Bremgarten

Die Schulpflege organisiert sich neu – die Schulführung soll noch besser werden

Schulpflegepräsident Andreas Rauch mit Schulleiter Guido Wirth vor der Schulanlage Isenlauf. Toni Widmer

Schulpflegepräsident Andreas Rauch mit Schulleiter Guido Wirth vor der Schulanlage Isenlauf. Toni Widmer

Die Schulpflege von Bremgarten präsentiert erstmals ihr Strategiepapier für die laufende Legislaturperiode. Der Wandel der Schulpflege von der operativen zur strategischen Behörde sei mit dem neuen Konzept definitiv vollzogen.

Wenn er jemanden in Bremgarten frage, wie es der Schule gehe, dann sage dieser jemand mit ziemlicher Sicherheit: «Ich denke gut», sagt Schulleiter Guido Wirth. Wenn er jetzt nachhake und frage: «Wieso weisst du, dass es unserer Schule gut geht», dann gerate das Gespräch ebenso sicher ins Stocken. «Was ich damit sagen will, ist, dass wir vieles, was an unserer Schule gut oder weniger gut läuft, nicht immer exakt fassen und deshalb auch oft nur unzulänglich erklären können», sagt Wirth.

Mit der strategischen Planung, die von der neu zusammengesetzten Schulpflege erstmals erarbeitet worden ist, soll die Führung der Bremgarter Schule noch professioneller und noch transparenter werden: «Von fünf Mitgliedern der Schulpflege sind drei neu im Amt. Diesen Wechsel haben wir zum Anlass genommen, Führungsstrukturen und Rollenverteilung grundsätzlich zu überdenken und unsere Strategie für die laufende Amtsperiode zu definieren», erklärt Schulpflegepräsident Andreas Rauch.

Im Prinzip ein Legislaturprogramm

Mit dem vorliegenden Konzept ist der Wandel der Schulpflege von der operativen zur strategischen Behörde definitiv vollzogen und die Aufgabenteilung zwischen ihr und der Schulleitung klar. Für Guido Wirth ein wichtiger Schritt vorwärts: «Es hat naturgemäss etwas gedauert, aber das Konzept ‹Neuorganisation der Schule Aargau› fängt jetzt langsam an, zu greifen.»

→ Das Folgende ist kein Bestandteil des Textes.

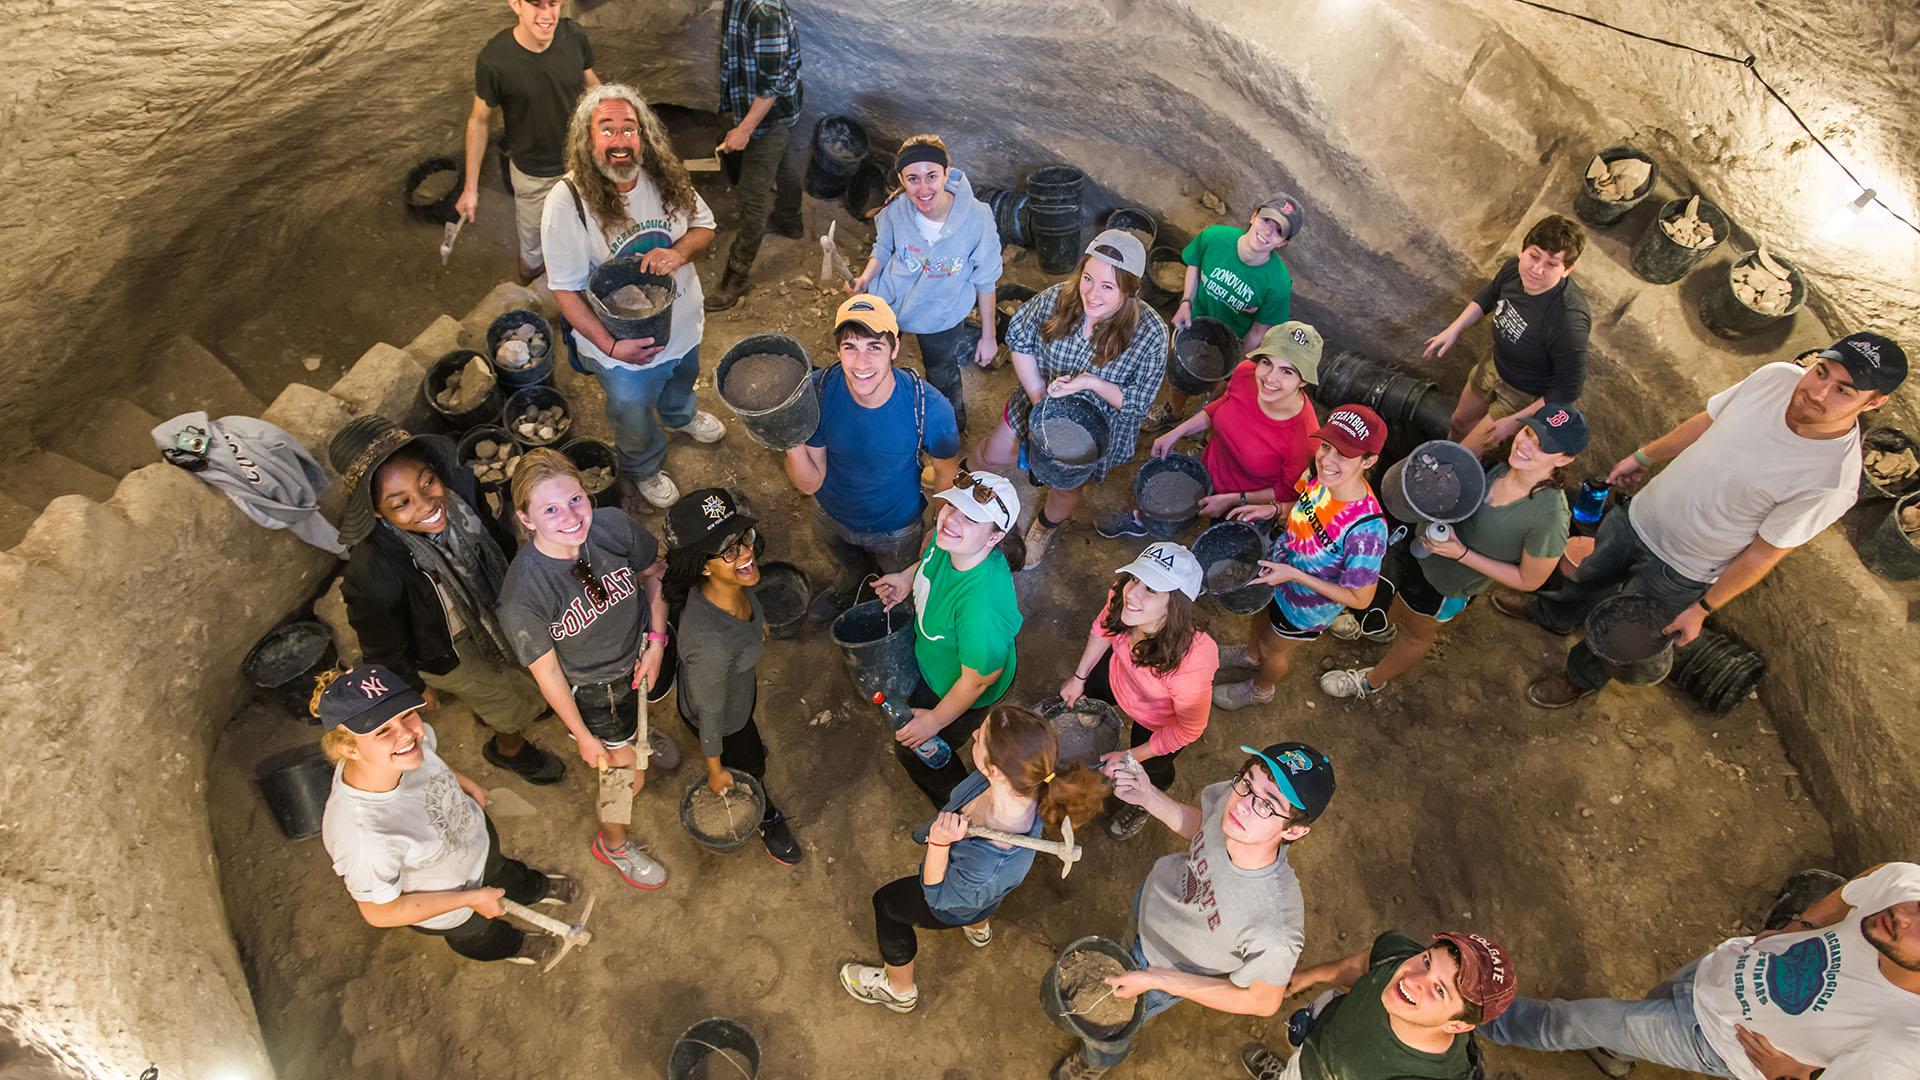 Students on an extended study to Israel dig for ancient artifacts from the historic site Beit Guvrin

Was sich auf dem Papier im ersten Augenblick sehr komplex präsentiert, ist im Grunde recht einfach. Die Schulpflege hat ihr Aufgabengebiet in die Bereiche «Ressourcen/Infrastruktur», «Kommunikation», «Personelles», «Entwicklung» und «Betrieb» unterteilt, jedem Bereich die entsprechenden Aufgaben zugeteilt und die Ziele mit dem entsprechenden Zeithorizont festgelegt. Klar geregelt sind dabei auch die Verantwortlichkeiten.

Ein paar konkrete Beispiele: Die Schulpflege Bremgarten will bis im August 2016 die Schulraumplanung auf die zukünftige Entwicklung vorbereiten. Schulraum und Mobilien sollen in genügender Anzahl bereits stehen. Schon bis im September 2014 umgesetzt sein soll ein Konzept «Finanzcontrolling», welches den Fluss der Finanzströme in der Schule Bremgarten aufzeigt und erläutert. Auch heisse Eisen will die Behörde in den nächsten vier Jahren anpacken. So etwa das Thema die Einführung von Blockzeiten sowie die Realisierung einer Tagesschule in Hermetschwil-Staffeln. Im Mai 2016 soll dazu ein Bericht vorliegen. Ganz wichtig ist der Schulpflege Bremgarten auch der Einbezug der Eltern. Noch für das laufende Jahr ist die Bildung von Elternsteuergruppen geplant.

Das vorliegende Strategiepapier wird alljährlich im Frühling überarbeitet, ergänzt und angepasst. «Das bedeutet viel Denkarbeit», sagt Guido Wirth, «doch danach ist die Richtung definiert und wir haben unsere Köpfe wieder frei zum Arbeiten.»